How to win votes? Promise to drop taxes.
The formula worked for Silvio Berlusconi, Italy’s three-time prime minister now engaged in his sixth campaign. One of his rivals, Mario Monti, is giving it a shot too. The man who raised taxes as part of his “Save Italy” austerity campaign, launched 14 months ago, when he replaced Mr. Berlusconi, now apparently believes they can come down.
On SkyTG24 television Sunday night, Mr. Monti, 69, said “taxes need to be cut, but no one should be making promises that cannot be kept.”
Specifically, he said there is the “possibility” of reducing the national income tax (known as IRPEF) by one percentage point, freeze the value-added tax, which was raised by his government, and restructure the hated property tax that he introduced and which Mr. Berlusconi has vowed to scrap. Doing so does not necessarily mean Mr. Monti will cut it; it does mean that a greater proportion of the property tax might be set aside for struggling municipal governments.

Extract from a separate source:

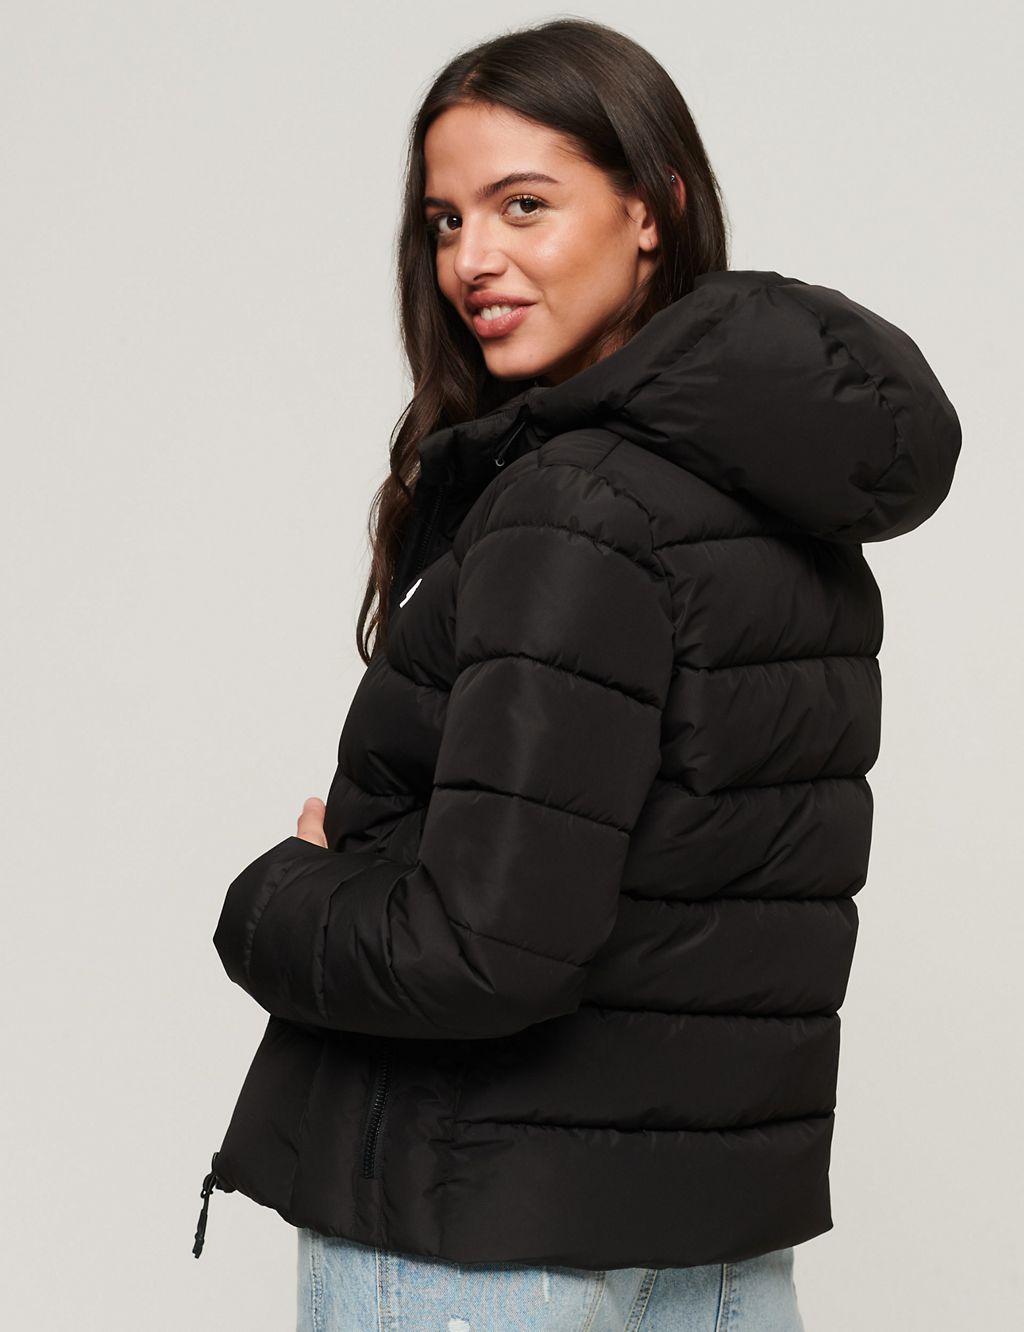 Hooded Padded Puffer Jacket | Superdry | M&S

Mr. Monti’s reversal on tax hikes is capturing the imagination of some voters ahead of the election, which is to be held on Feb. 24 and Feb. 24. The latest poll, released Sunday by ISPO, gave Mr. Monti’s centrist bloc about 15 per cent, putting it in third place, just ahead of the Five Star Movement led by comedian and anti-corruption activist Beppe Grillo. Previous polls had put the centrists at a mere 10 per cent.
The centre-left coalition, led by former communist Pier Luigi Bersani, remains in first place, with about 38 per cent, while Mr. Berlusoni’s centre-right bloc, which now includes its former partner, the Northern League, could pull as much as 28 per cent of the vote.
To non-Italians and many Italians themselves, the election is confusing: Blocs from the right, centre and left, a comedian with enough popularity to take entire regions (Mr. Grillo’s movement won the recent Sicilian elections), a resurgent Mr. Berlusconi and a wannabe technical prime minister, Mr. Monti, who is campaigning but not officially in the election (he is not a candidate because, as a senator for life, he is already a parliamentarian).
What is certain is that the Italian election is crucial for the health of Italy, the euro zone’s third largest economy, and, by extension, the health of Europe. The country is in deep recession, is leaderless – Mr. Monti, who resigned last month, is the caretaker premier – and is too big to bail out if it were to get shut out of the debt markets, as Greece, Ireland and Portugal were. While Italy’s sovereign bond yields have fallen considerably since Mr. Monti set up his unelected government, every European finance minister knows that another scent of blood could lure bond investors in for the kill.
A clear victory by Mr. Monti’s centrists, who are backed by the Italian industrialists, the Vatican and European leaders, or by Mr. Bersani’s centre-left, would welcomed by the markets. While Mr. Monti has shifted from tax hiker to tax cutter, he has vowed to keep the economic reform agenda intact. For his part, Mr. Bersani has vowed to do pretty much the same; austerity would not be scrapped should he win, though it probably would be diluted somewhat, a la Francois Hollande in France. Mr. Bersani had a credible record as a reformist in previous centre-left governments.
But the markets may not get what they want. Together, Mr. Berlusconi’s party, PdL, and the Northern League, which is based in Milan and wants to separate the rich industrial north from the rest of the country, could deny Mr. Bersani’s bloc the majority it needs (in Italy, majorities are required in both the Senate and the lower house, the Chamber of Deputies, to govern). Then there is Mr. Grillo. While his movement is sinking in the polls, it remains a competitive threat.
With the number of undecided voters at somewhere under 40 per cent, the election remains wide open with six weeks to go. A hung parliament is a possibility. So is a hung Italy. If the electoral battleground produces no clear winner, Italy’s economic reform will stall and investors will seek revenge. The intensity of the euro zone crisis will be decided next month.